林羽在老鹰的护送下,安全抵达备用安全点——一处位于市郊、登记在陈默远房亲戚名下的独栋别墅。苏瑶和文景和已先一步到达,正焦急等待。看到林羽安然无恙,苏瑶一直紧绷的肩膀才微微松弛下来。
“追兵是专业雇佣兵,嘴很硬,暂时没问出雇主,但装备和行动模式,与之前绑架苏小姐的那批人有相似之处。”老鹰简要汇报,“对方反应这么快,说明煦园附近一直有他们的眼线,或者……我们内部的信息传递仍有漏洞。”
林羽点了点头,目光落在摊开在茶几上的慈云山地图和沈素心的长信上。真相的核心就在山中,但此刻前往,无异于将自己暴露在敌人的瞄准镜下。
“不能直接去。”林羽沉声道,“对方已经知道我们拿到了地图,慈云山现在很可能布满了陷阱,就等我们自投罗网。”
“那怎么办?”苏瑶蹙眉,“东西必须拿到手,否则我们永远被动。”
文景和沉吟片刻,开口道:“我对慈云山很熟,小时候常随祖父去。听松亭一带地势复杂,老梅树也不止一棵。沈小姐信中只说‘老梅根侧’,未指明具体哪一棵,更未说明挖掘深度和标记。即便对方先到,在偌大一片区域盲目搜寻,短时间内也未必能找到。况且,那东西埋藏超过半个世纪,地表痕迹早已消失,没有这张详细地图和先人口传的细微特征,很难定位。”
他指着地图上的几处标记:“这些地标,有些已经变了样,但大致方位还在。我们可以不走常规进山路,从后山一条鲜为人知的小径绕过去。那条路险峻,但足够隐蔽。”
“调虎离山。”林羽眼中闪过一丝光芒,“我们需要制造一个足够逼真的假动作,把对方的注意力吸引到错误的方向。然后,我们趁虚而入,从后山小径直插听松亭。”

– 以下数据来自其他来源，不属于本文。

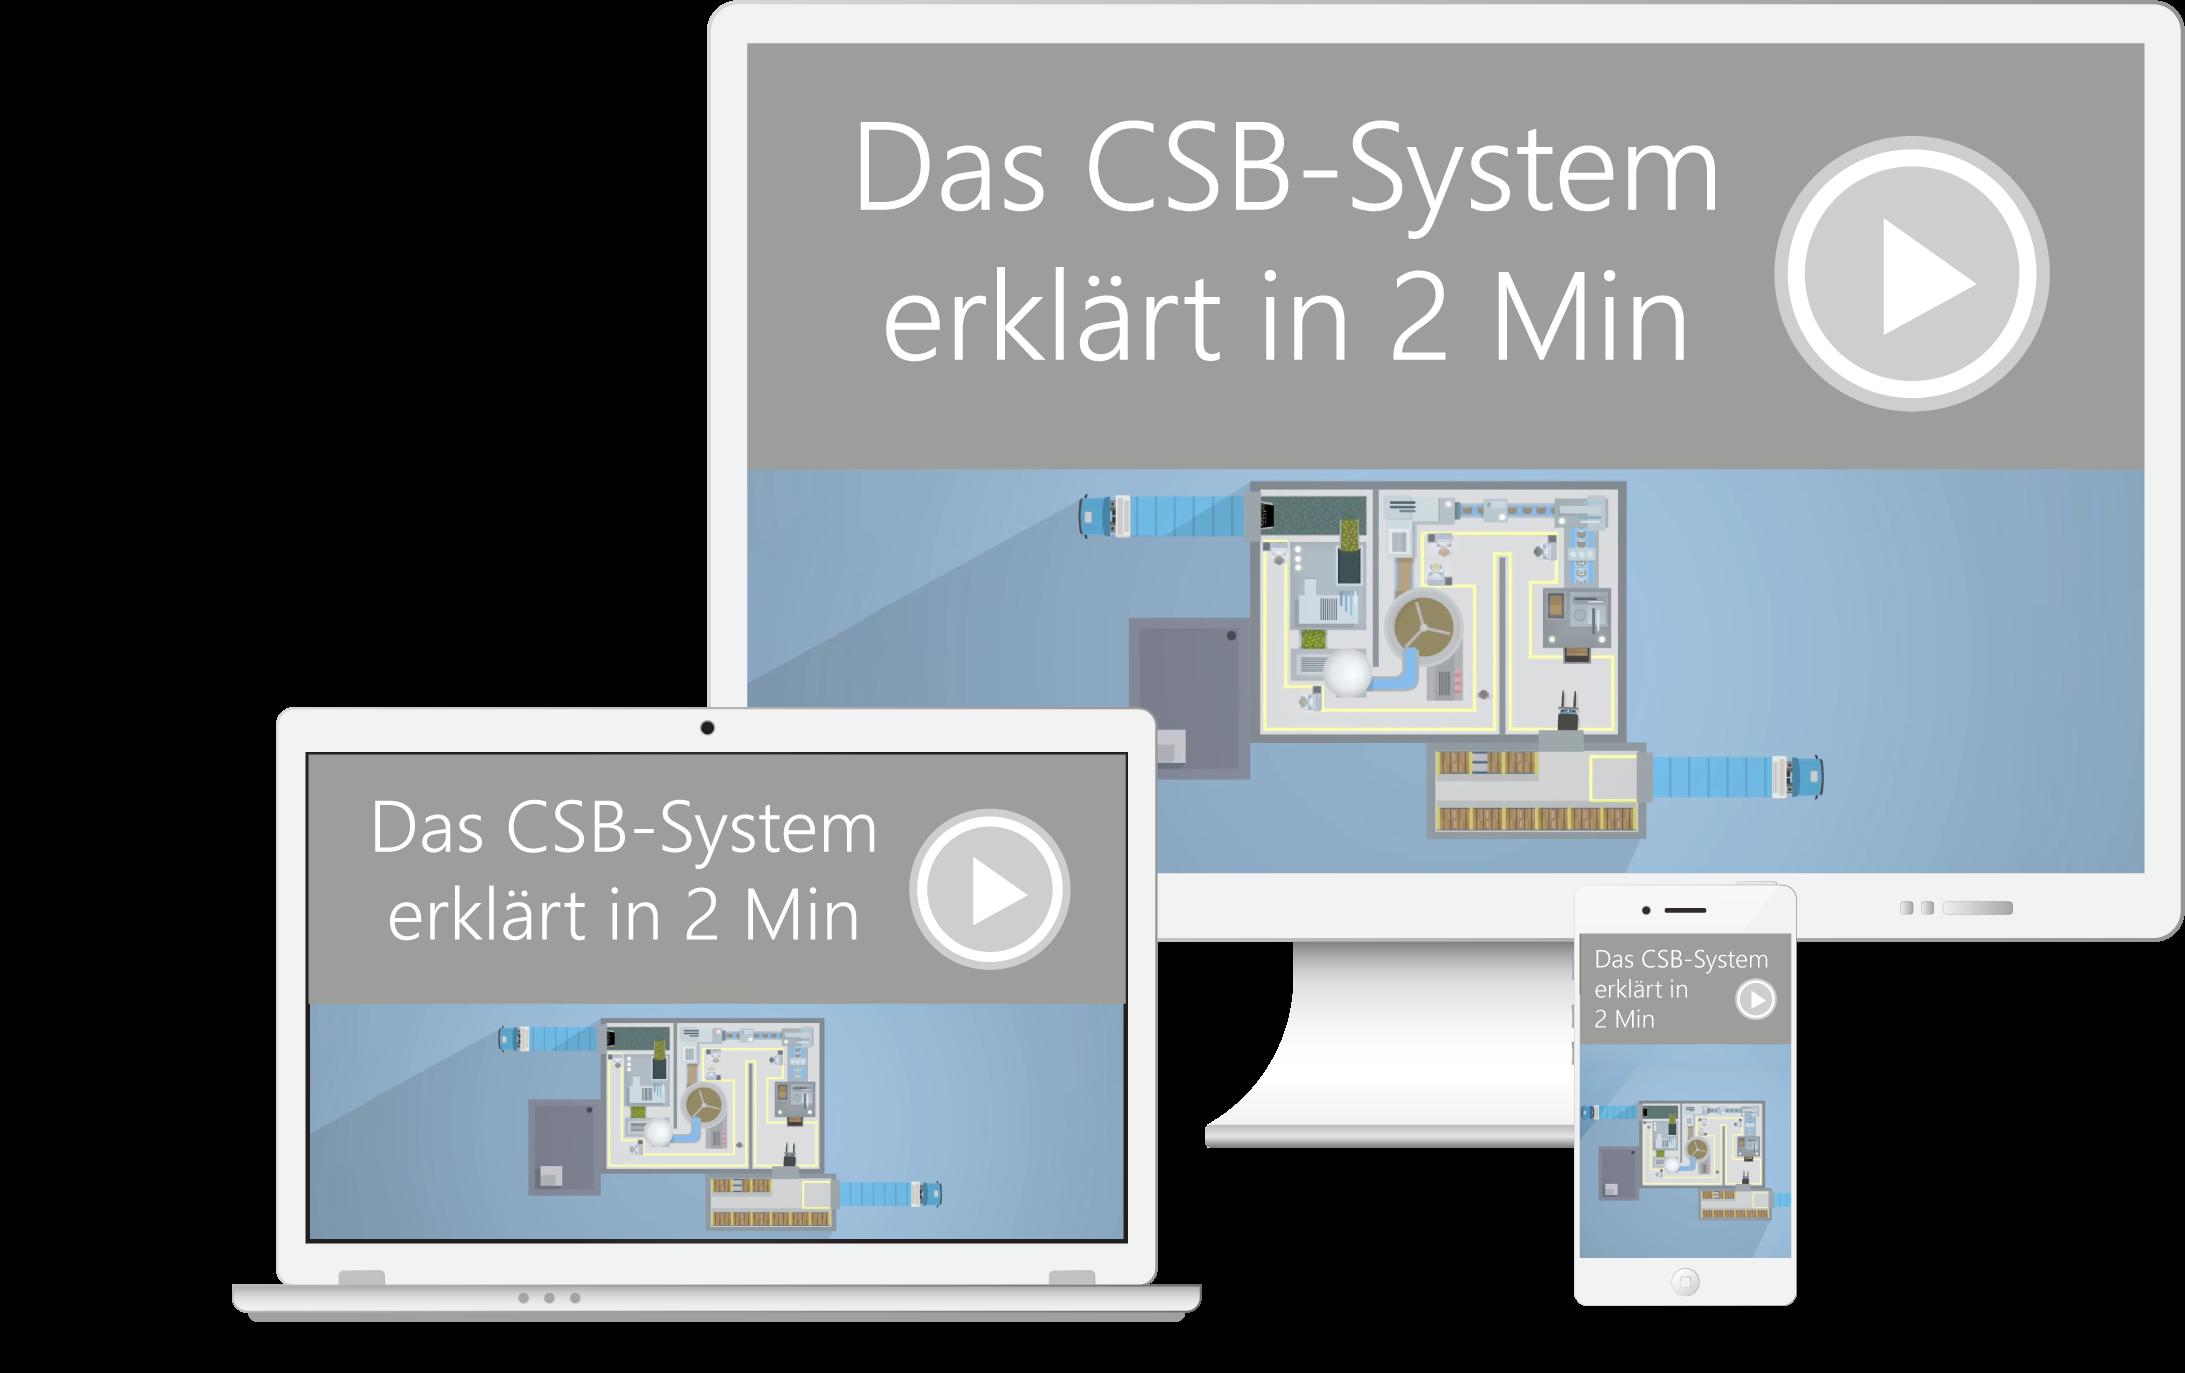 Softwarelösungen_Video_Monitore-18-18.png

计划迅速拟定。由陈默负责,通过几个看似隐秘实则可能被监听的渠道,“无意”泄露林家将派人于次日清晨,从慈云山正门大道上山“勘查一处祖产”的消息。同时,老鹰安排一组人马,大张旗鼓地做出相应准备,吸引潜在监视者的目光。
而真正的行动小组,只有林羽、苏瑶、文景和以及老鹰本人,外加两名绝对精锐的队员。他们将在凌晨时分,轻装简从,从文景和指引的后山险径潜入。
行动前夜,别墅书房里灯火通明。林羽和苏瑶再次细读沈素心的信,试图从中找到更多关于藏物点的暗示。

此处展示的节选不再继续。